What to produce
Output the listing exactly, without its pictures.

The data

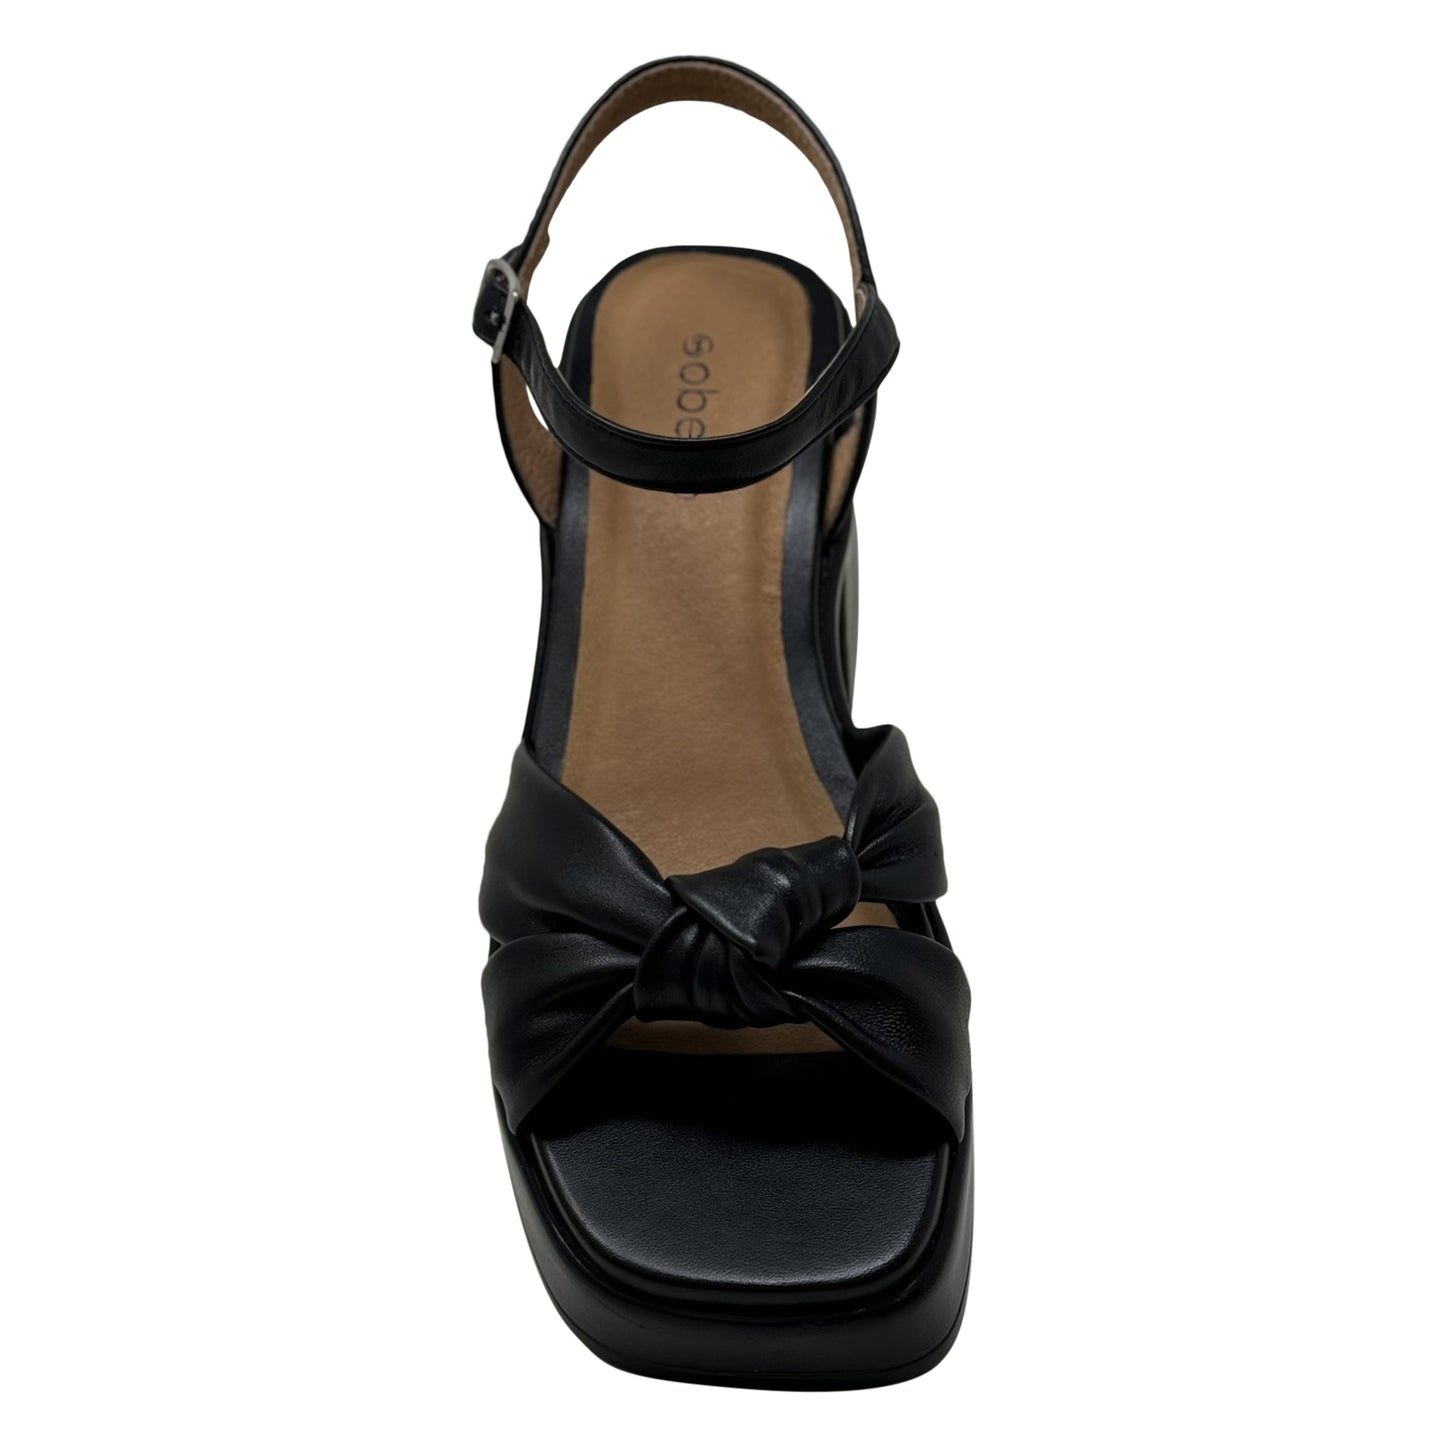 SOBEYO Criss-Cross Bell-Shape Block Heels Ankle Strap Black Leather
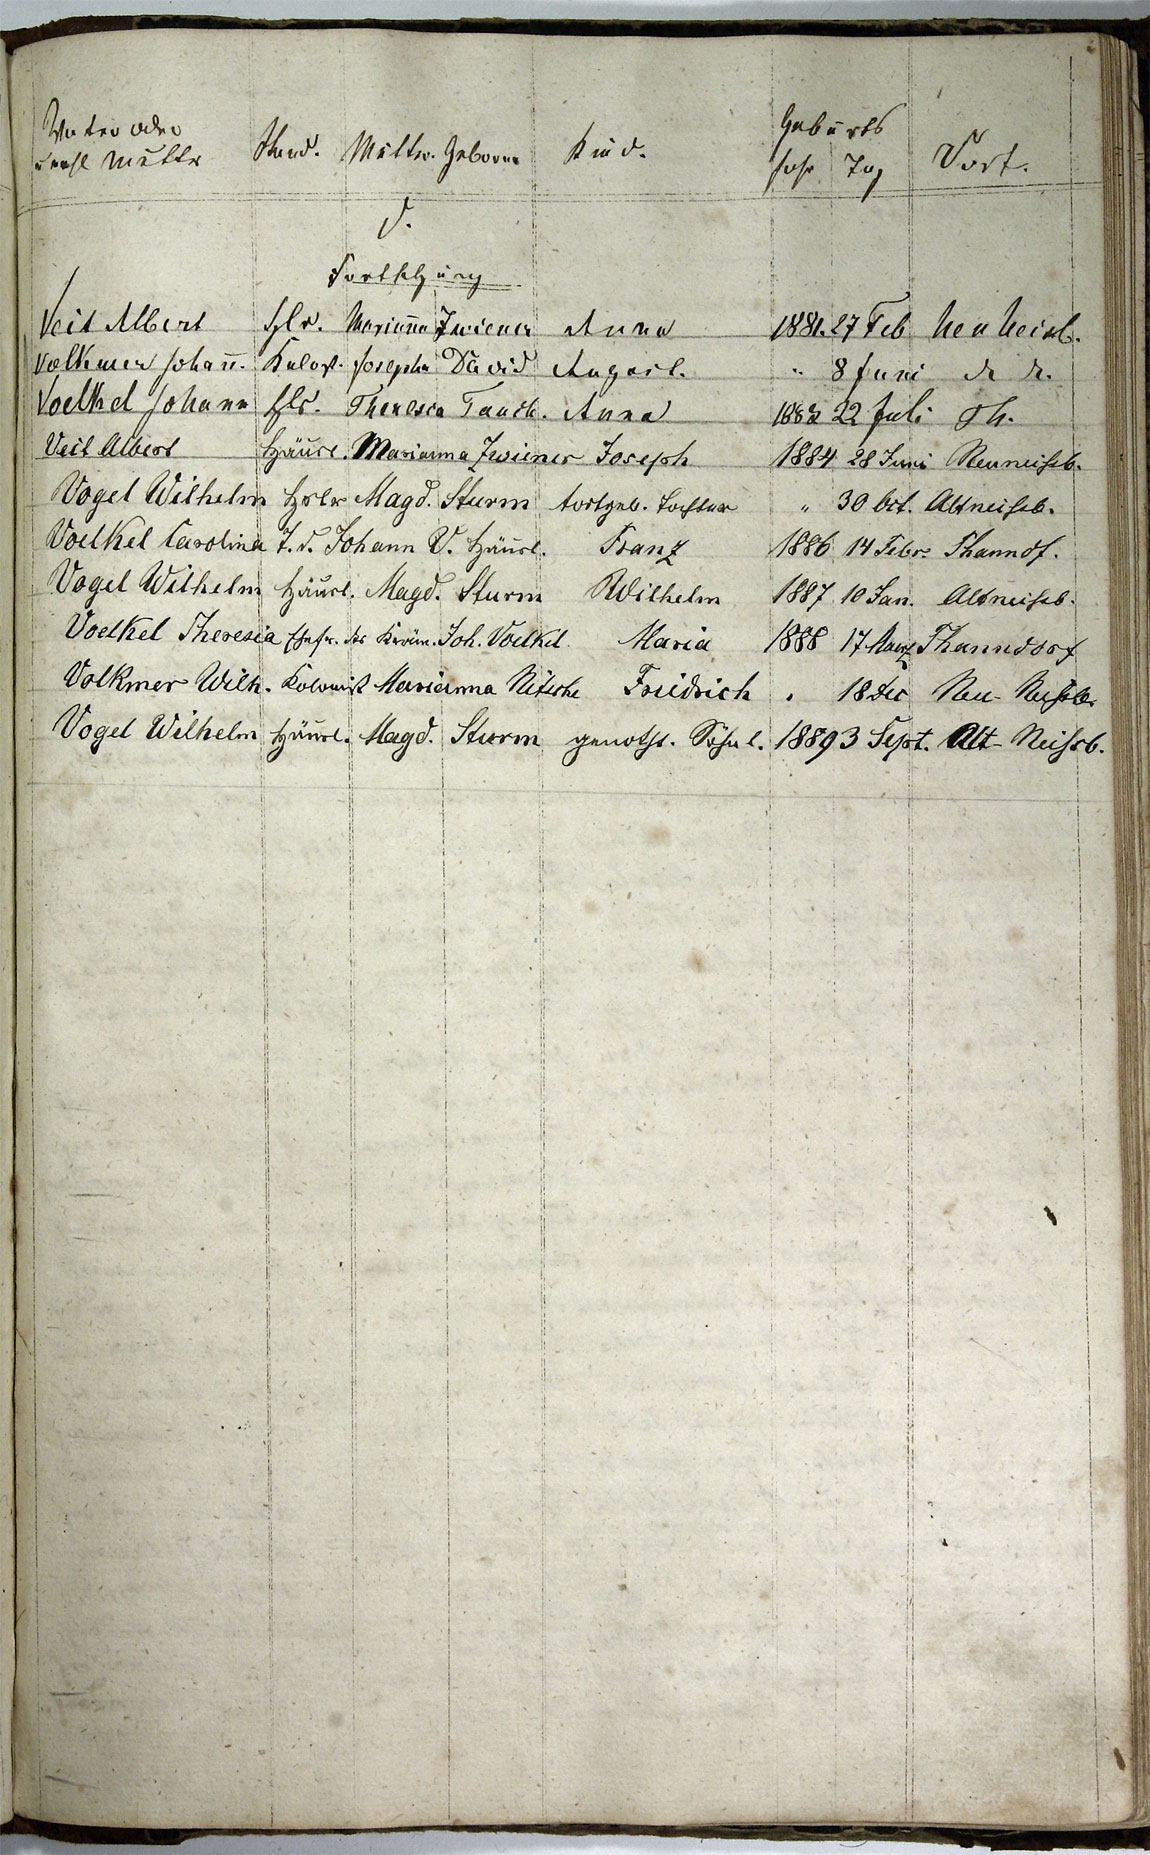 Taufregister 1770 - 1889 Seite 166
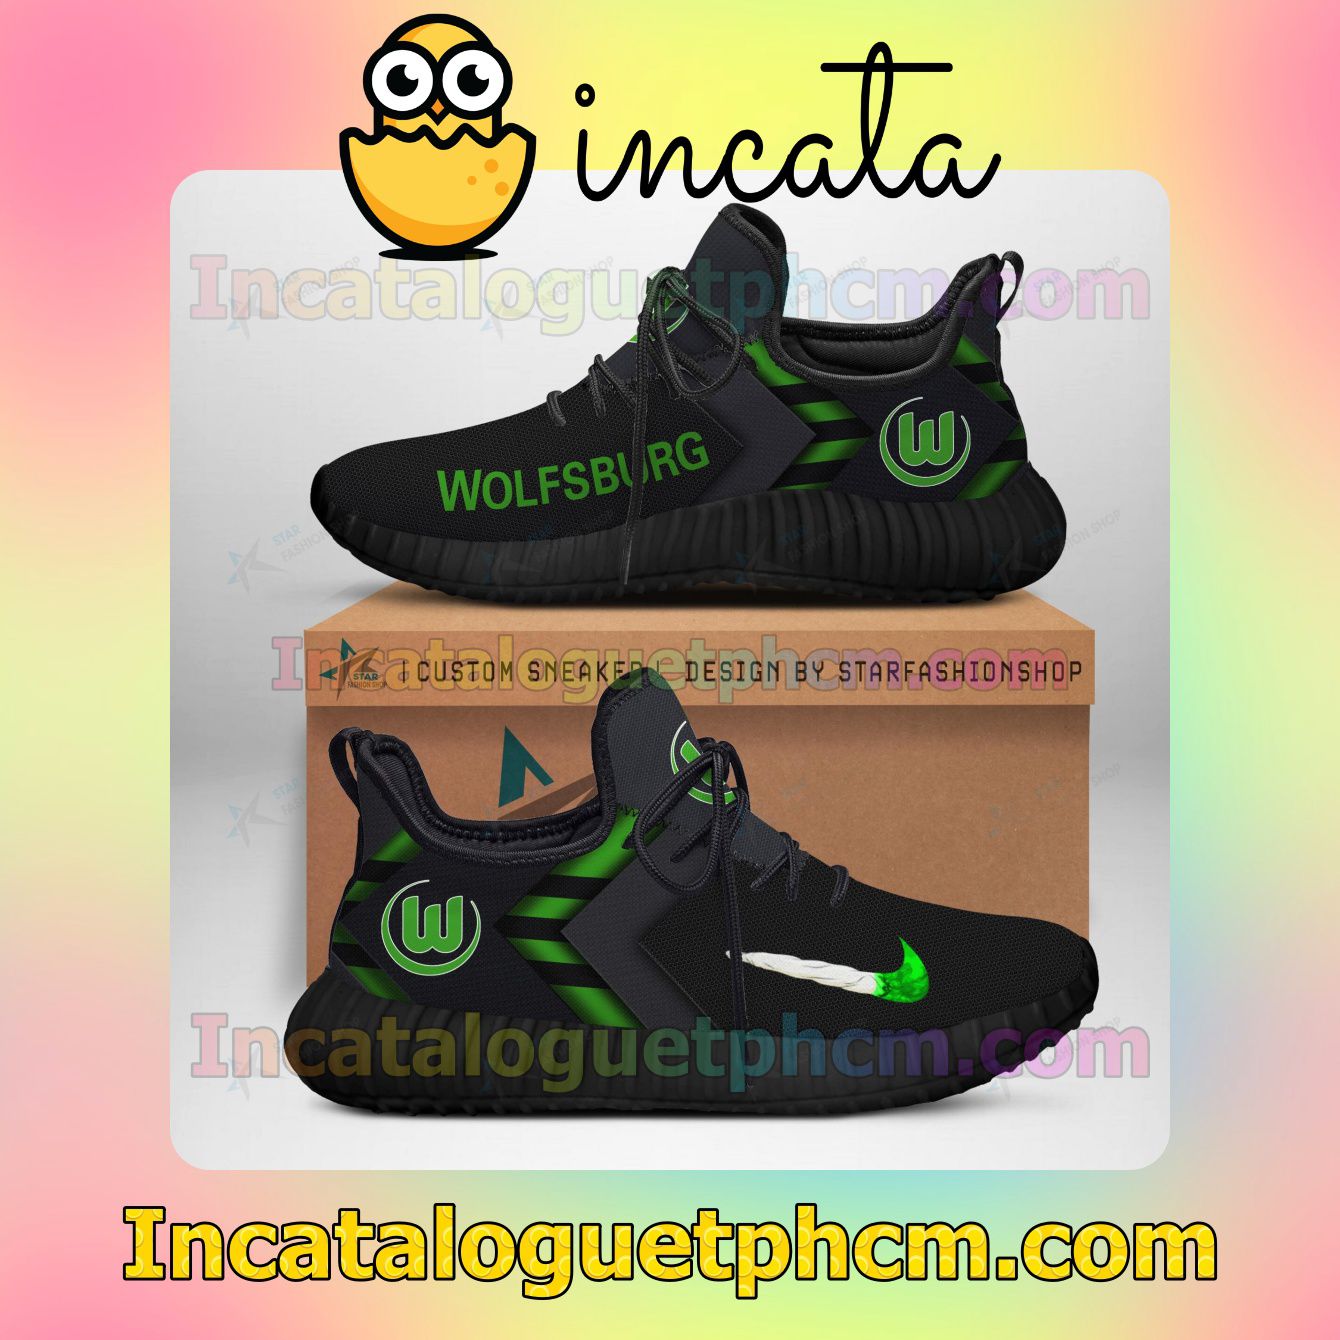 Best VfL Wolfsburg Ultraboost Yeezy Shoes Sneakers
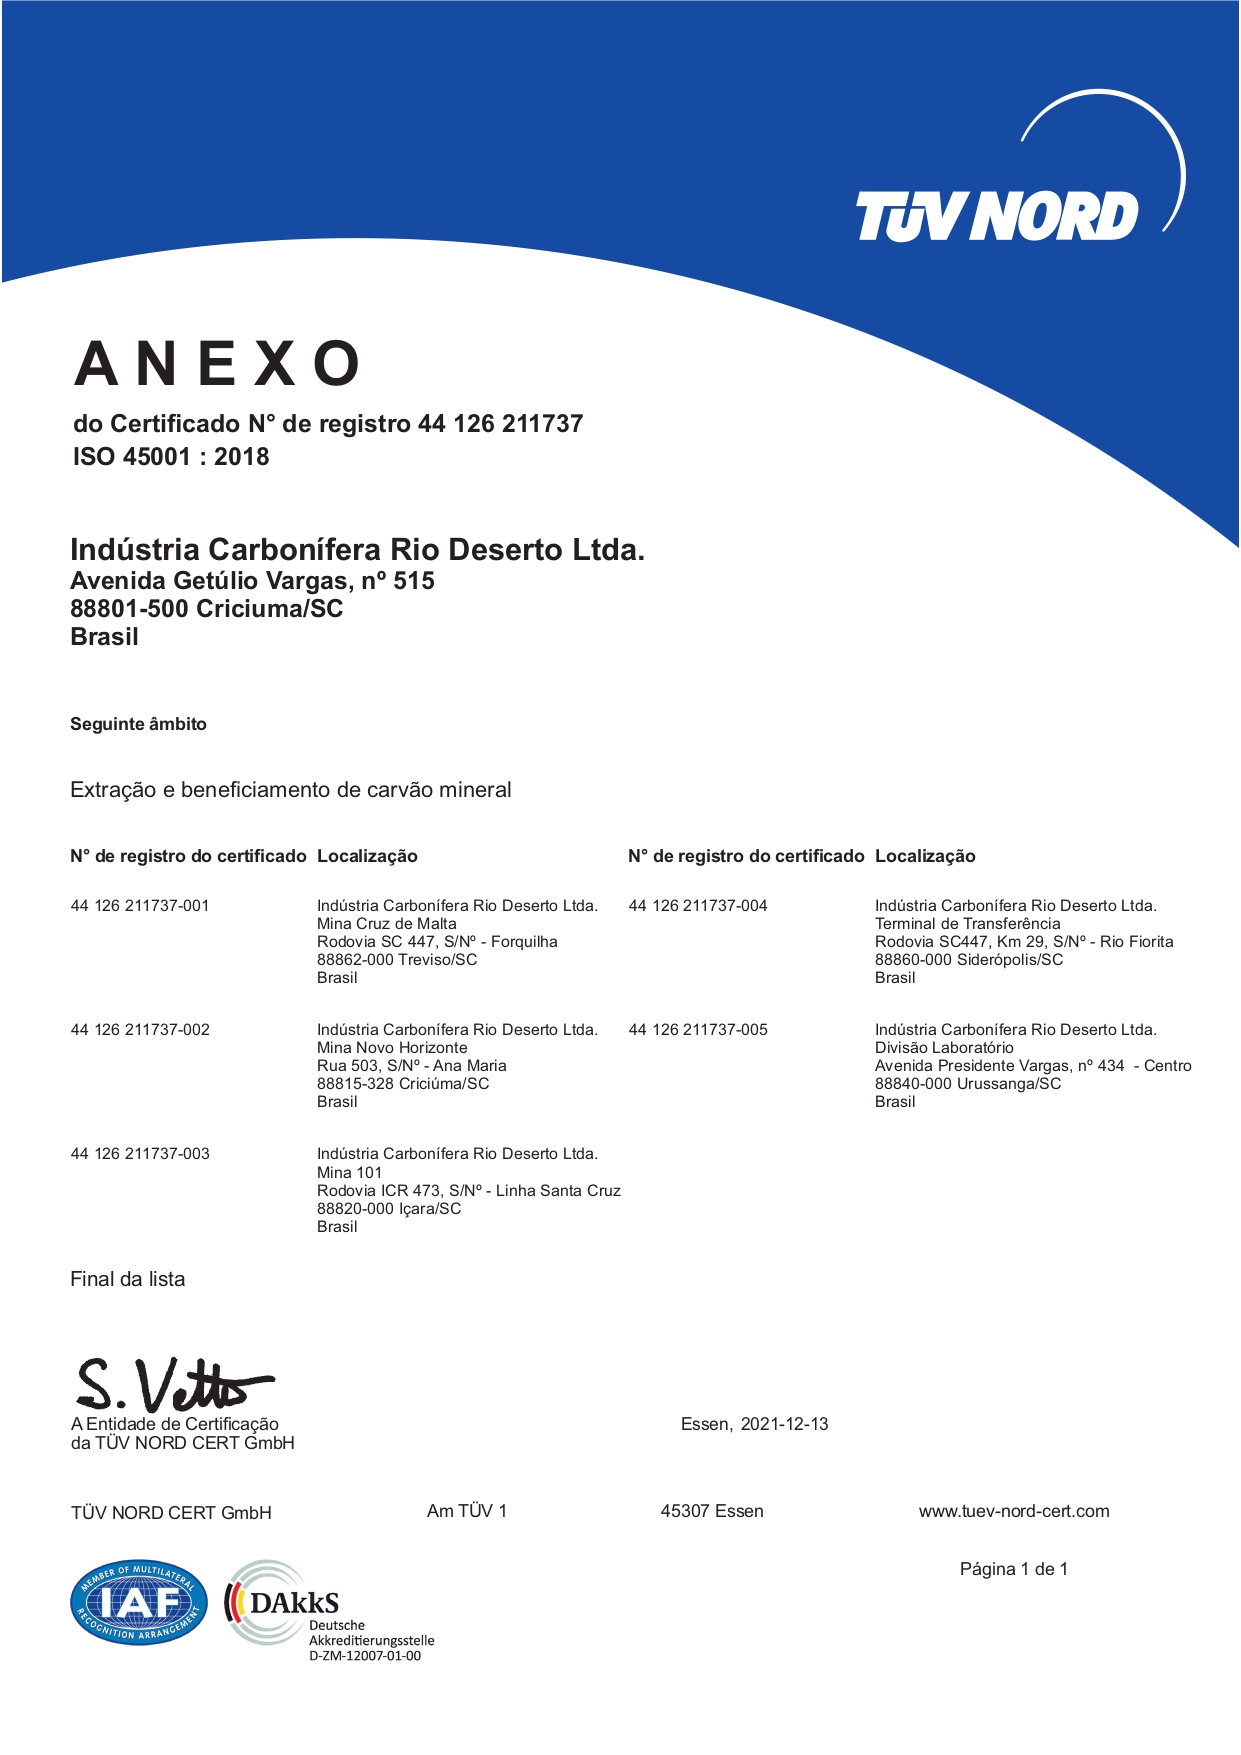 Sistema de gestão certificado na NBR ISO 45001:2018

Problem solution
 SOBEYO Criss-Cross Bell-Shape Block Heels Ankle Strap Black Leather
 Taufregister 1770 - 1889 Seite 166
 Best VfL Wolfsburg Ultraboost Yeezy Shoes Sneakers
 Sistema de gestão certificado na NBR ISO 45001:2018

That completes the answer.